But from what, he asked himself after he had walked forward. Didn’t Krasicki’s death prove he’d been wrong? Didn’t it demonstrate once and for all that the whole affair had been just what it seemed to be? Of course it did—unless it had been designed to do just that.

The trouble was, he reflected, that his thought processes and Lind’s were too much alike, and they’d been on a collision course from the beginning. If Mayr’s death had been a hoax, for it to work at all there could be no doubt, now or ever. That, of course, was the reason for the elaborately staged shooting in front of five witnesses instead of something simple like a heart attack. So now, if Lind had sensed his suspicions of it, the mate was backed into a corner; Krasicki still had to disappear, but there was no longer any possibility of getting away with a second fake sea burial. If Goddard had suspected the first, he would already have forecast the second. So Krasicki had been expendable, and Lind had killed him to plug this hole in the dike.

But that wasn’t all, Goddard thought; the diabolical bastard ran a test on me at the same time, and I may have flunked it. If I had forecast the second fake and guessed how he’d carry it out, he knew exactly how I would react. I would realize I was there as a witness, but I would be very careful not to witness any more than I was supposed to. Then he threw the change-up pitch, and my reaction time may not have been fast enough. If I gave away the fact I didn’t really believe Krasicki was dead, then he was killed for nothing and we’re right back where we started—except that the deadly son of a bitch has really got me fingered now. I’m no longer a reliable witness, and he’s already measuring me for an accident.

His thoughts broke off then, and he frowned, conscious again of that odor of burning cloth.

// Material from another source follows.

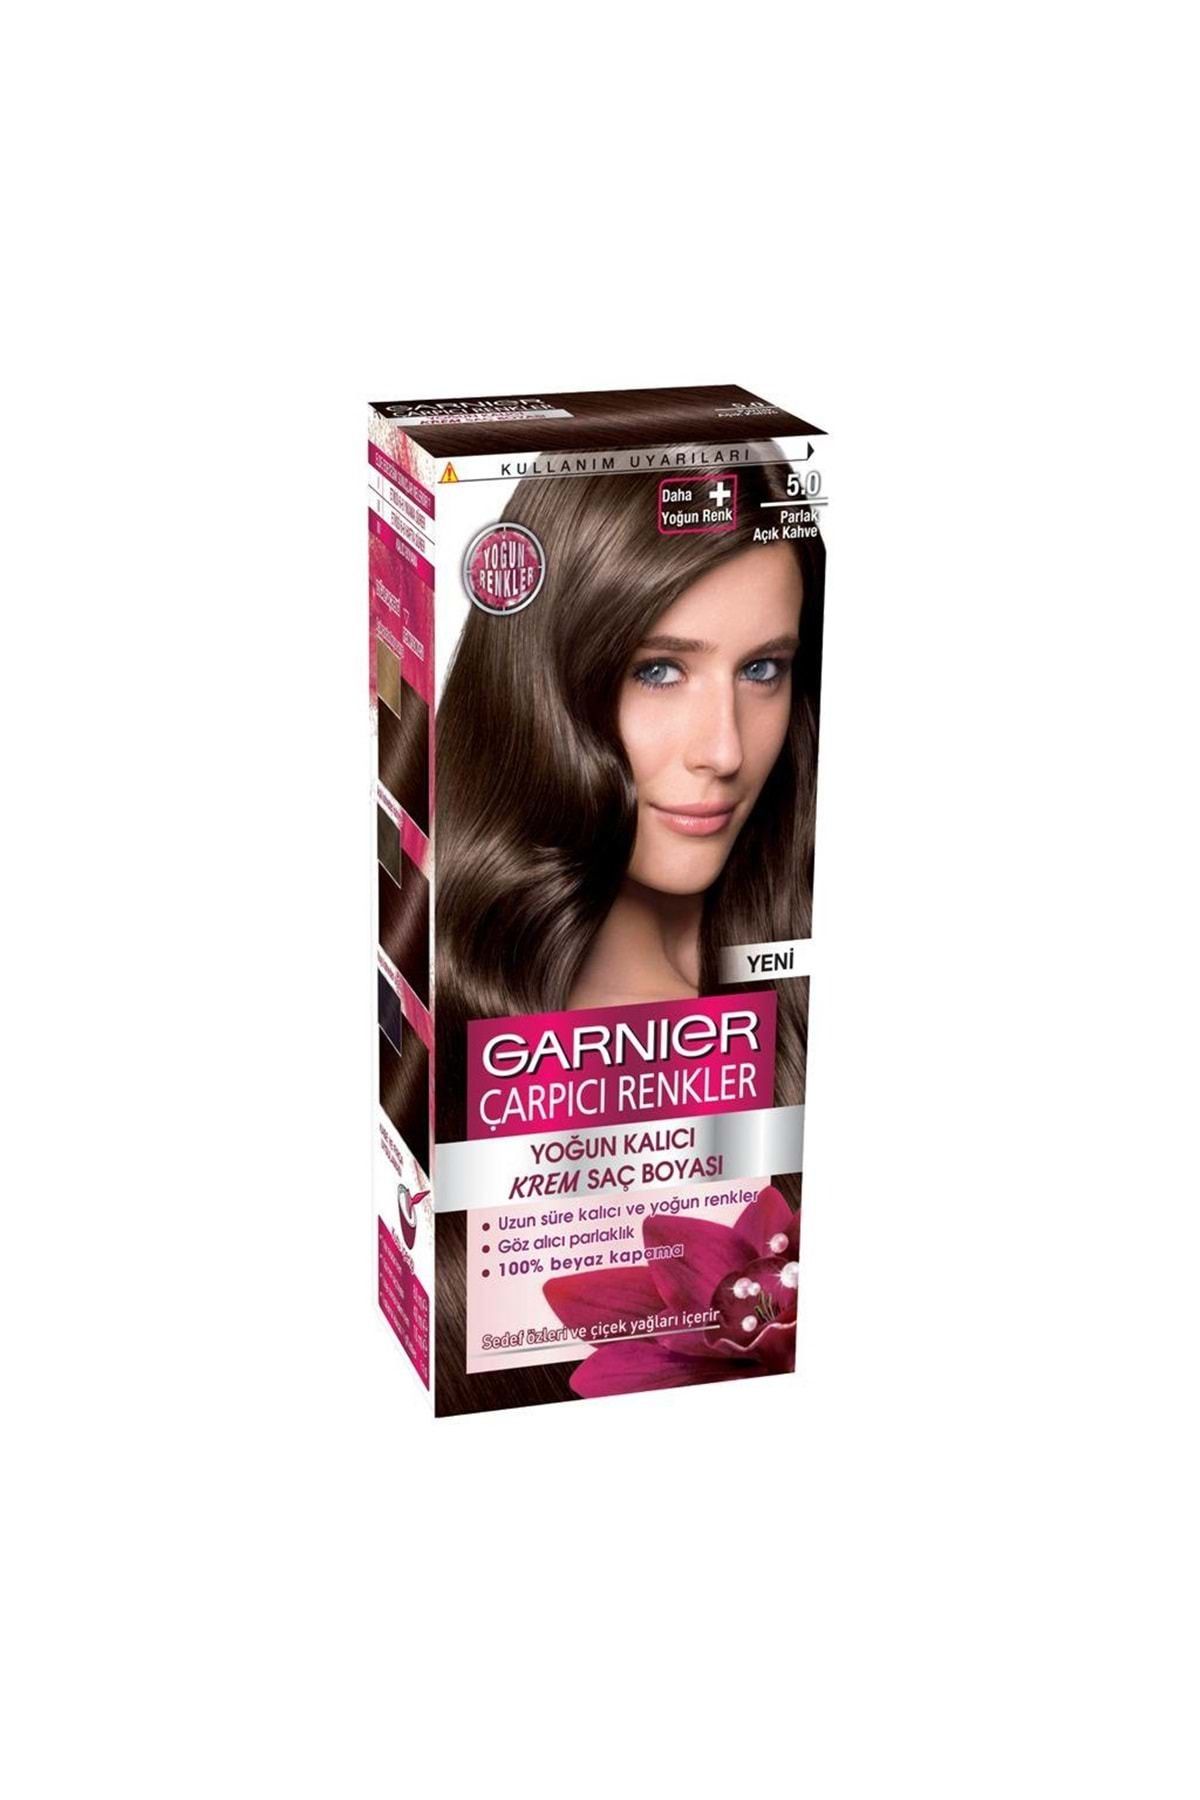 Garnier Çarpıcı Renkler Krem Saç Boyası 5.0 Parlak Açık Kahve
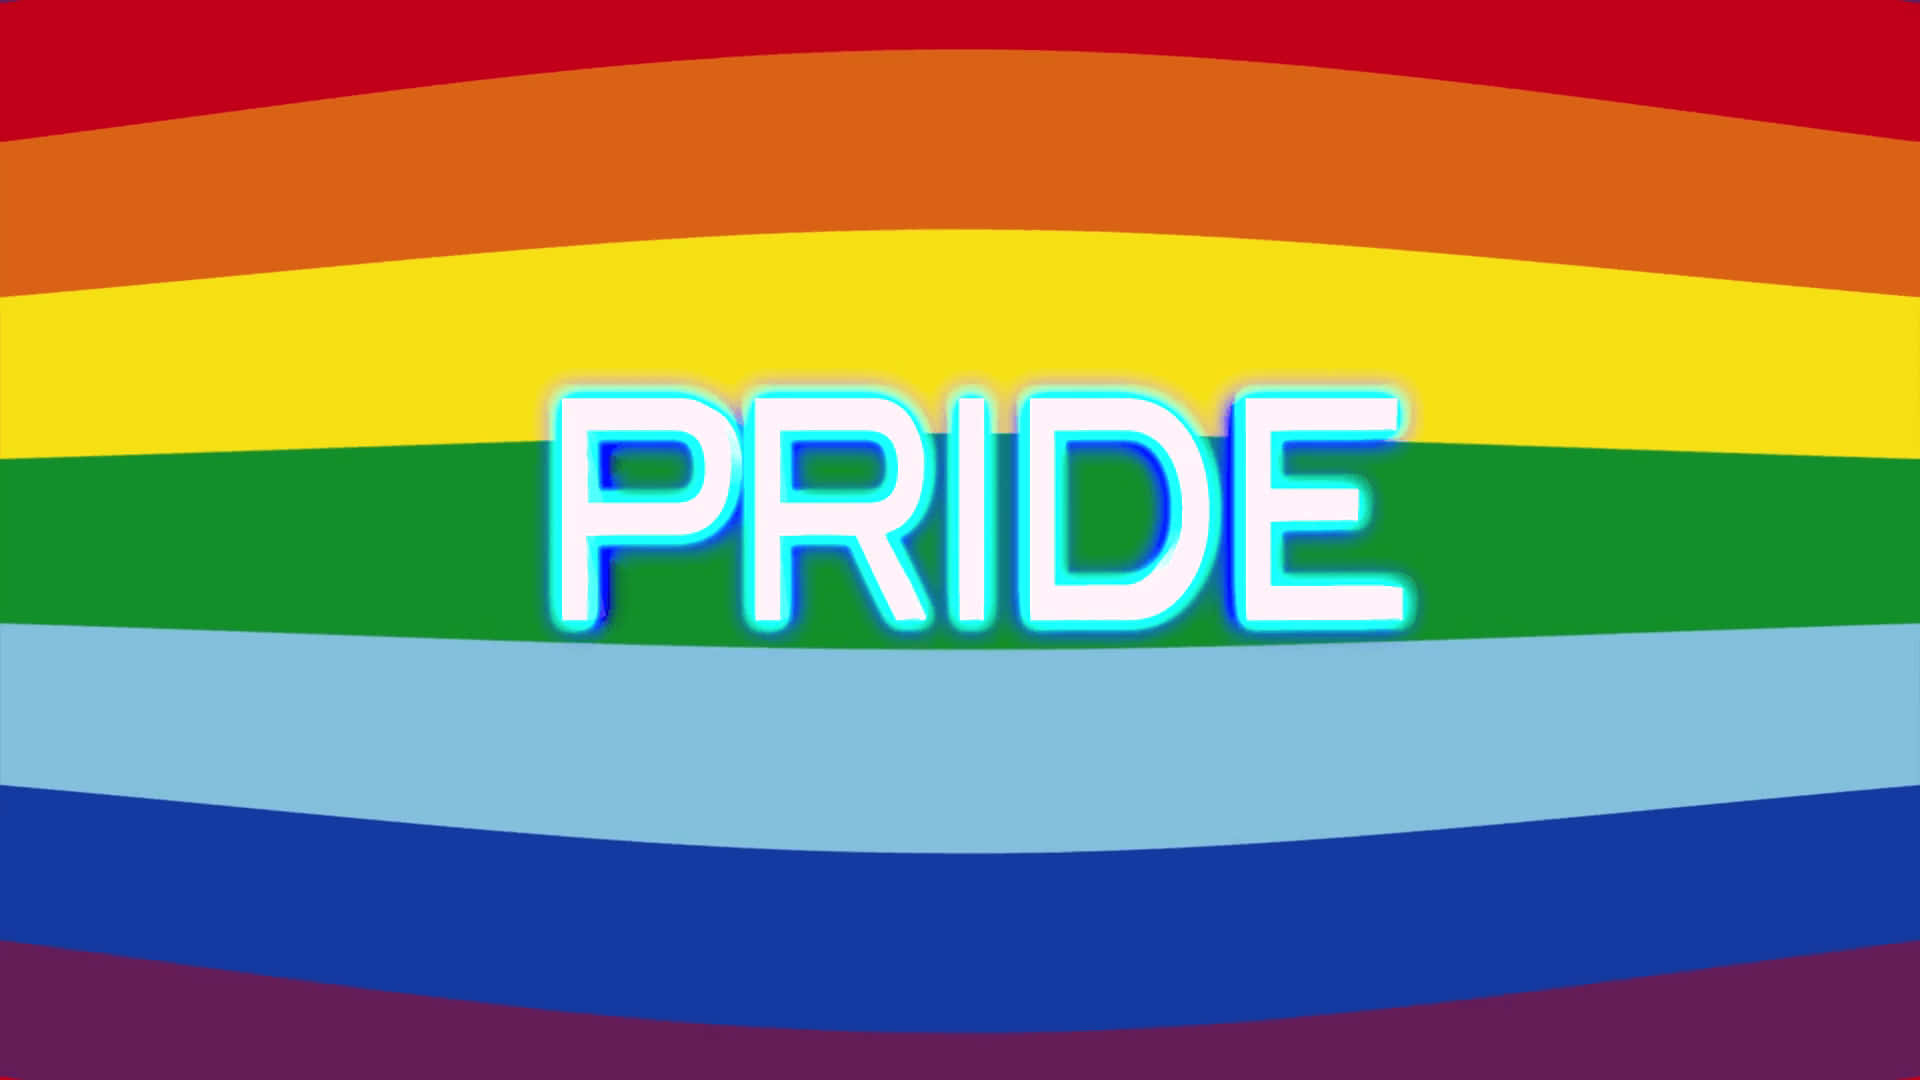 Pride - Lgbt Pride - Pride - Pride - Pride - Pride - Pride - Pride - Pride -

He was standing almost where he had been before, at the after end of the promenade deck. Maybe it was coming from one of the open portholes of the dining room. He looked in the nearest one, and sniffed again. No, it wasn’t from there. He turned and searched the after well-deck and the ventilators of number three and four holds, but could see nothing. But now it was gone.

Karen Brooke came back around the corner of the deckhouse. ‘Do you suppose poor Mr. Krasicki will be buried at sea also?’ she asked.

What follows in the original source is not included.